Suddenly, the summer has gotten busier than planned in terms of creative work, as I’ll be putting together a brief piece with Giorgio Biancorosso and the Hong Kong Ballet, a kind of music video demonstrating some new perspectives on holographic technology in the digital space. And of course, preparations for the upcoming project with the Chinese cellist LiLa and the Hong Kong Dance Company for this coming December at CityU are progressing and I’ll be writing that ten-minute work later this month. It’s all a rather long way of saying, these calm, long days of summer will soon be subsumed into a working cycle which will, I hope, will still allow me to catch that late sunset.
There are lots of plans circling for future editions, presentations, and performances of Russia: Today (2020) in both the UK and now perhaps even the United States, and indeed, with the onslaught of new work, I am ever-mindful of the importance of nourishing the creations that already exist. It is all a little bit like summer itself- in full bloom, one wishes for it never to end, but even when it does come to a close, those memories live on a little bit better with occasional, if not frequent, reminders.
It’s been a wild few weeks – at one point, in a matter of just a few days, I had set foot on three different continents – and arriving home late yesterday evening after five flights in a row feels a bit like stepping off a rocking boat onto terra firma. Finally. But despite long-postponed family vacations, intense adventures into the Andean altiplano, and striving to keep up to date on creative projects both ongoing and future, I also can hardly believe it’s already the middle of June and half the year has somehow expired! New Vision Arts Festival will debut their 2023 program in the coming weeks, the lead act of which will be the HK premiere of The Once and Future (2021) with Anandi Bhattacharya and the Berliner Philharmoniker musicians in October.

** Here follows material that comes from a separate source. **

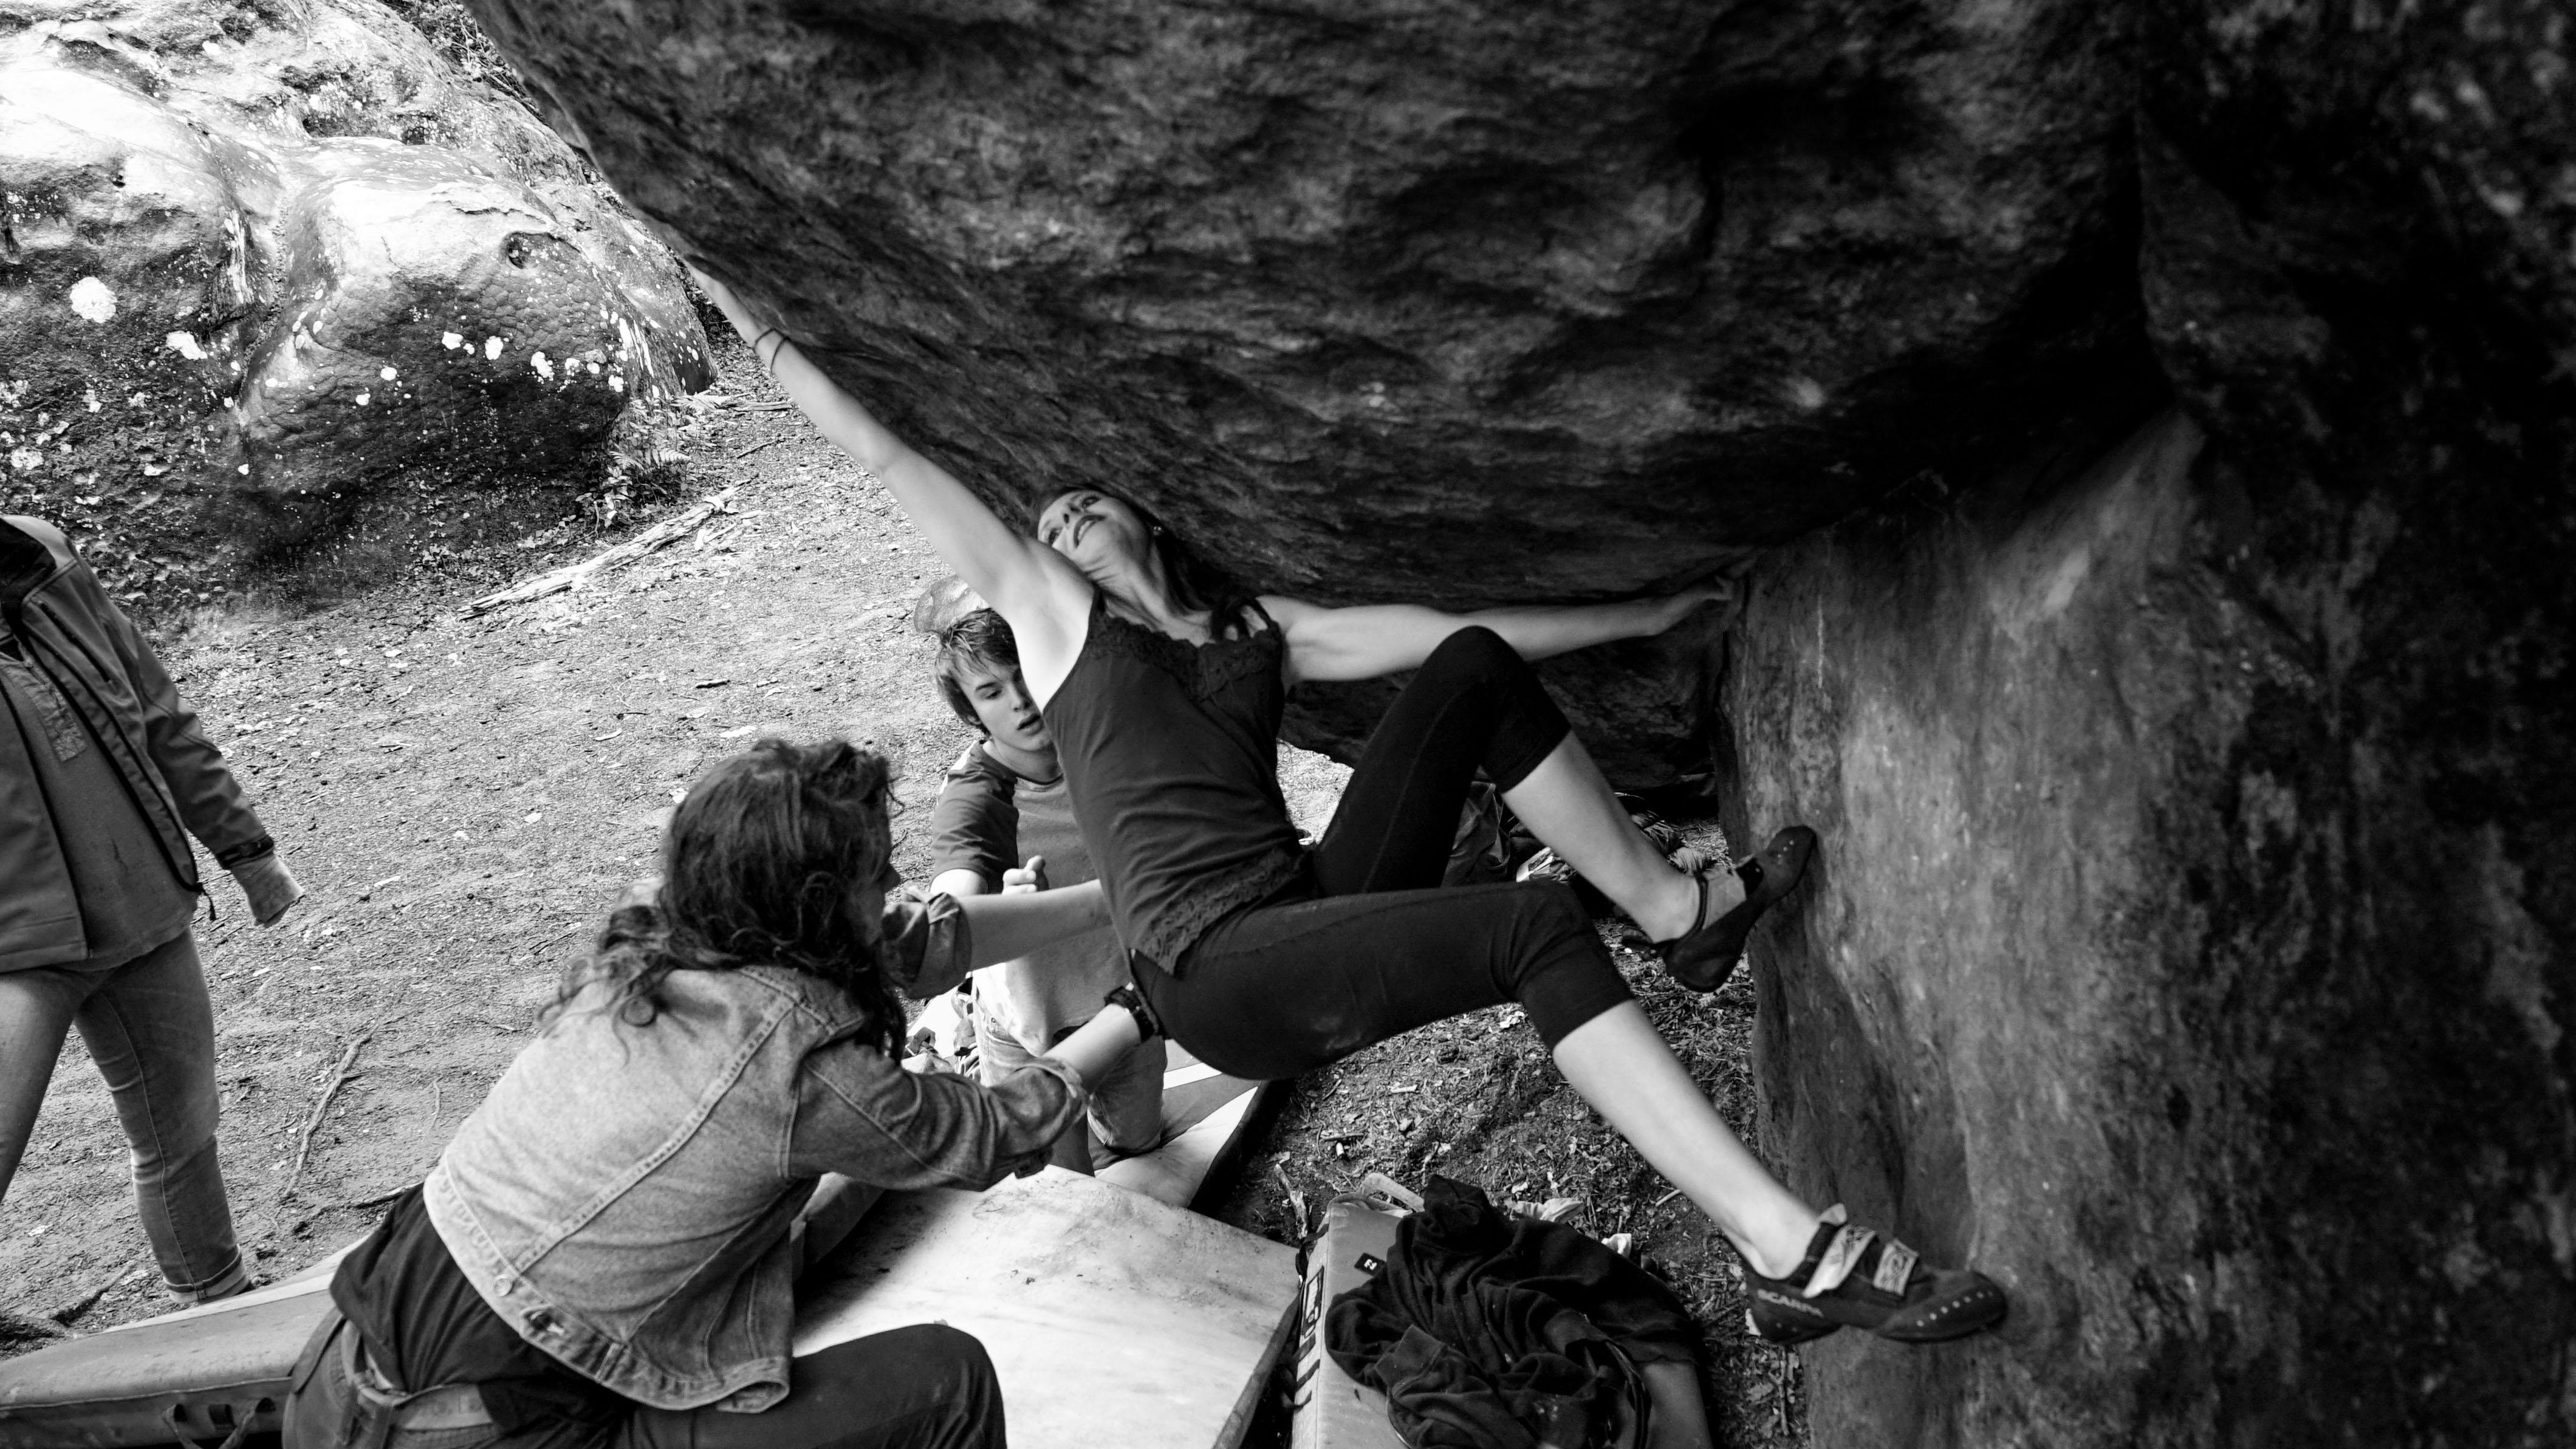 fontainbleau climbing 2016 mike brindley-11
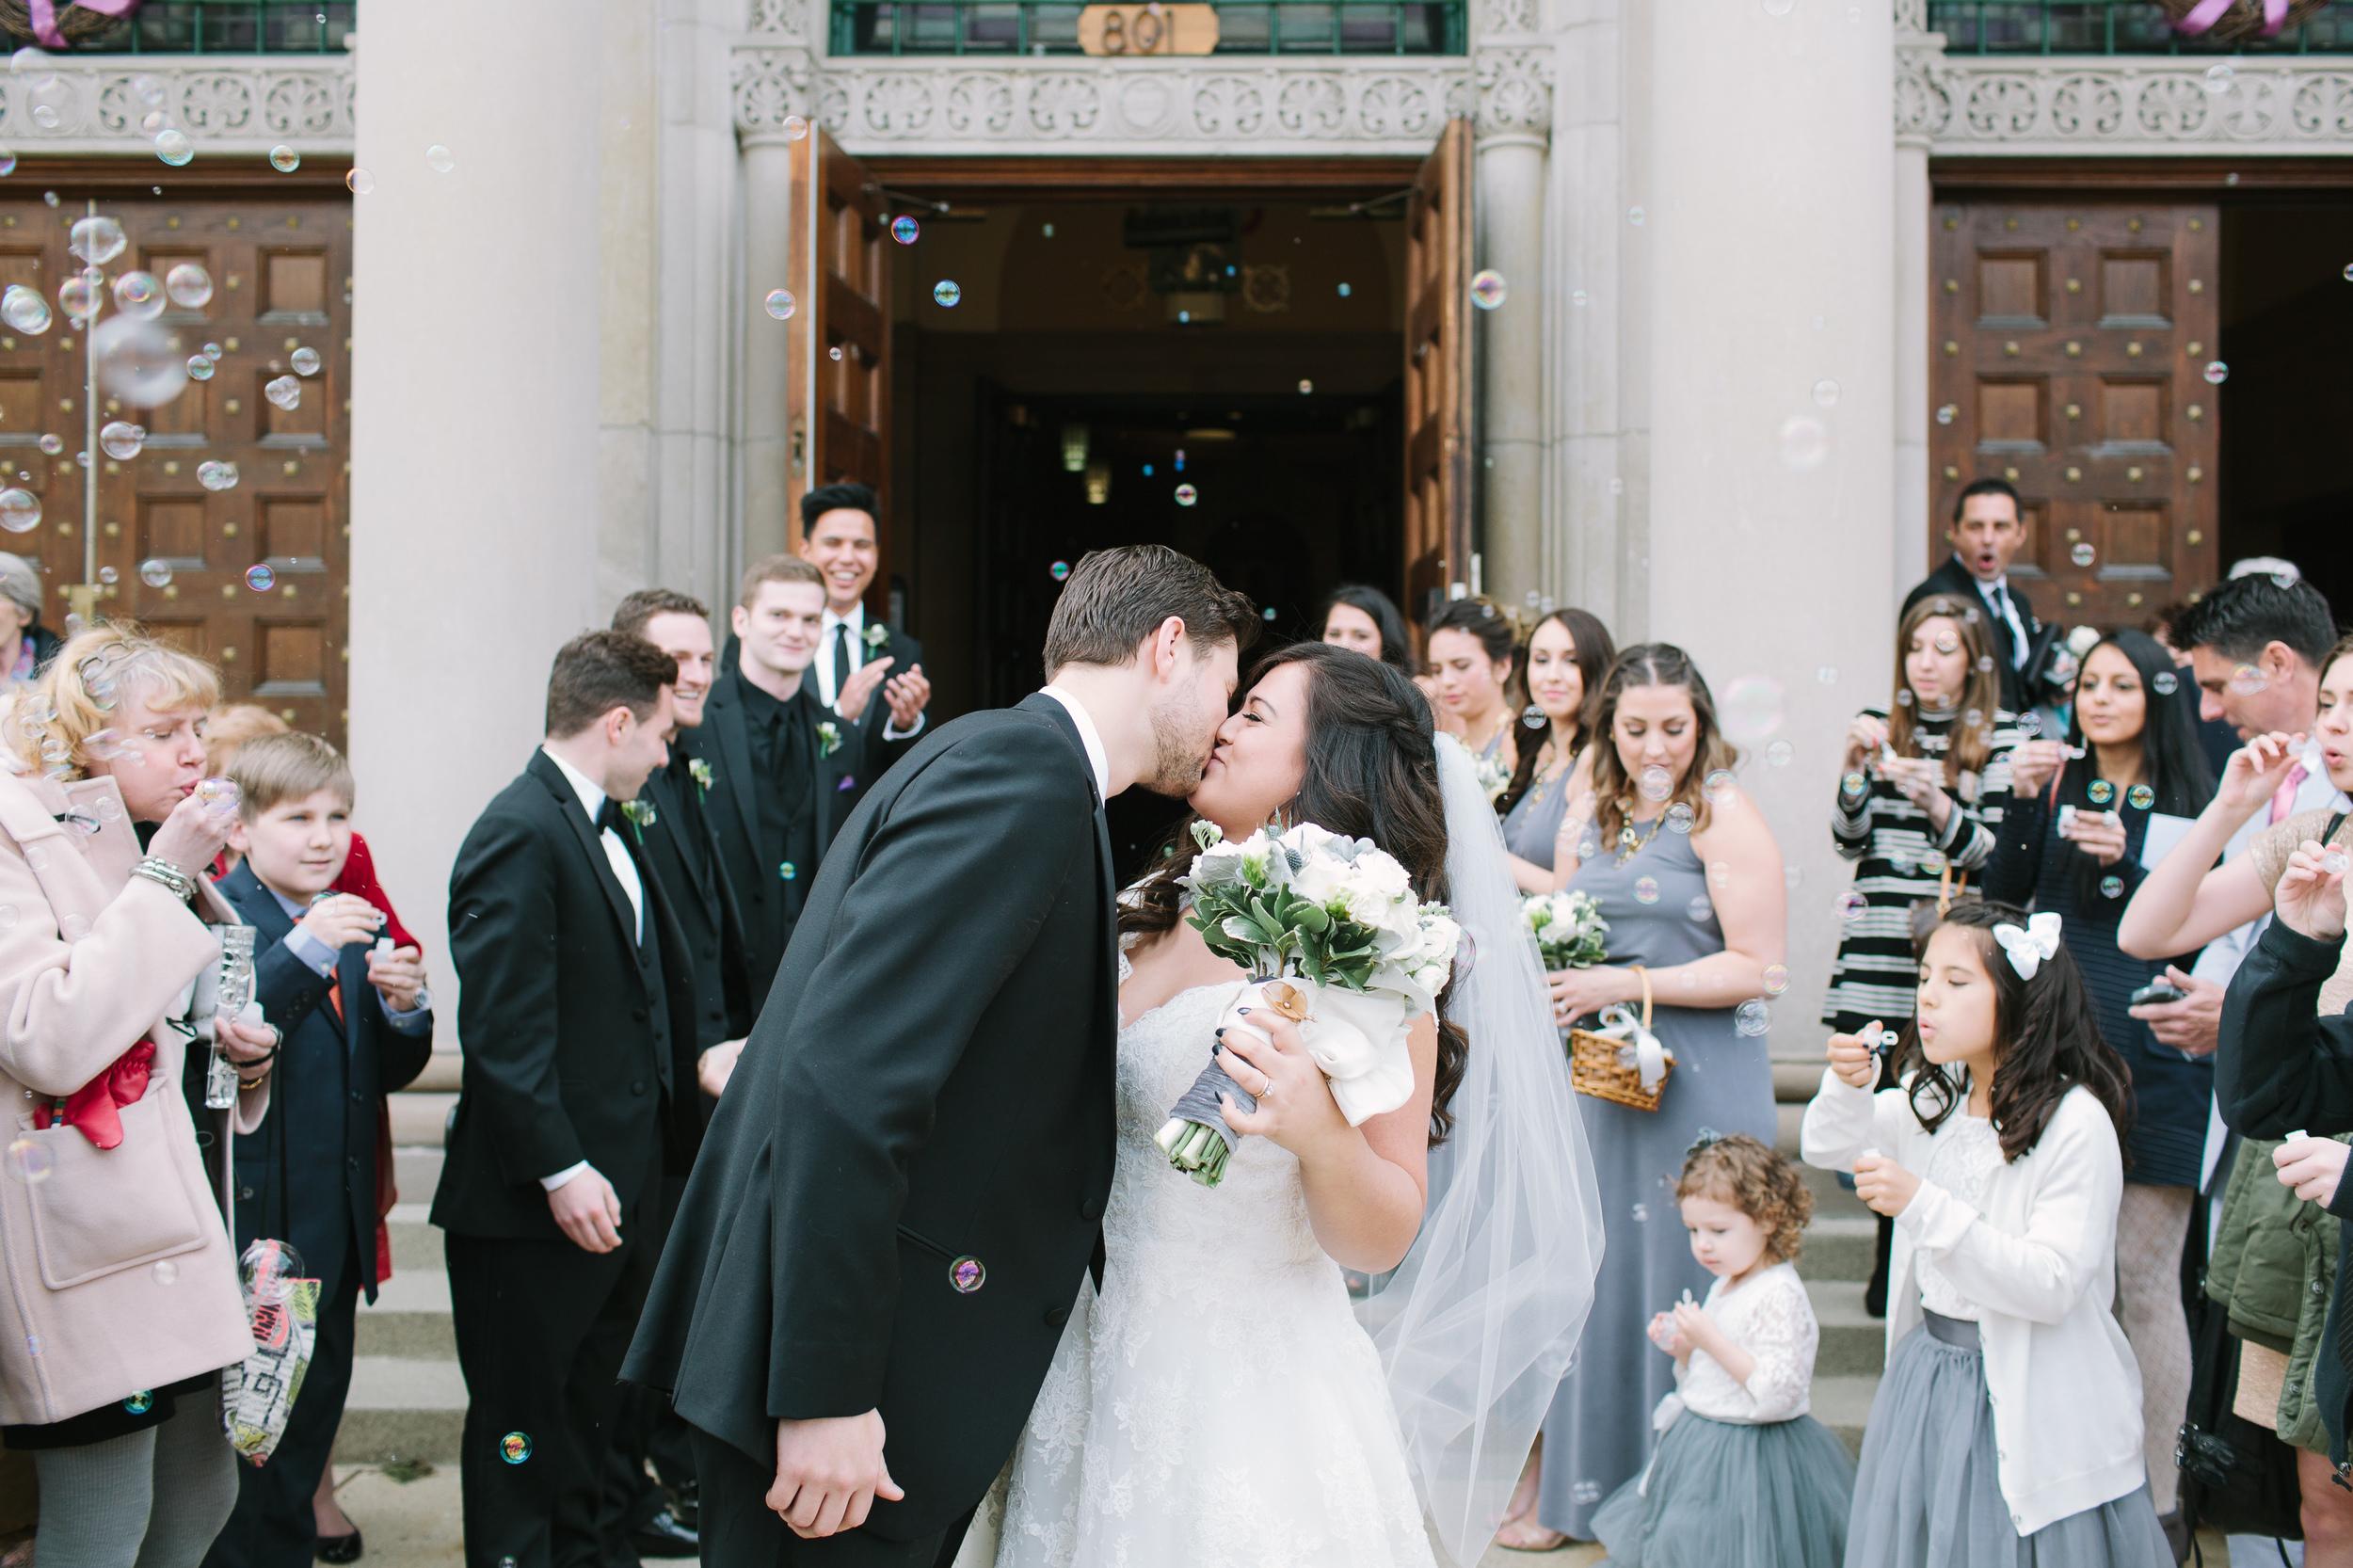 Nicodem Creative_Kerr Wedding_Bridgeport Art Center Chicago-10.jpg

But before the curtain comes down, I’ve got two interesting projects to commence with a third on the way- a collaboration with the Hong Kong Dance Company, curator Hing Chao, and the Chinese star cellist LiLa, and a new piece for the exceptional French Quatuor Arod, whom I had the pleasure to host in Hong Kong earlier this year as part of their residency at the HKBU Academy of Music. The latter project is a particularly exciting assignment considering I had really left behind writing chamber music for its own sake many years ago, so to return to the genre with one of the very best ensembles in the business is absolutely a pleasure. The former multimedia dance project will premiere already in December of this year at the City University of Hong Kong School of Creative Media
Next week, I’m off to the Salento and will juggle composition, admin work on existing and future projects (still more!), and finally finding a dream plot of land on which to build a home. But now, just now, it is so brilliantly good to be home and rarely have I felt less keen to hop on a plane again.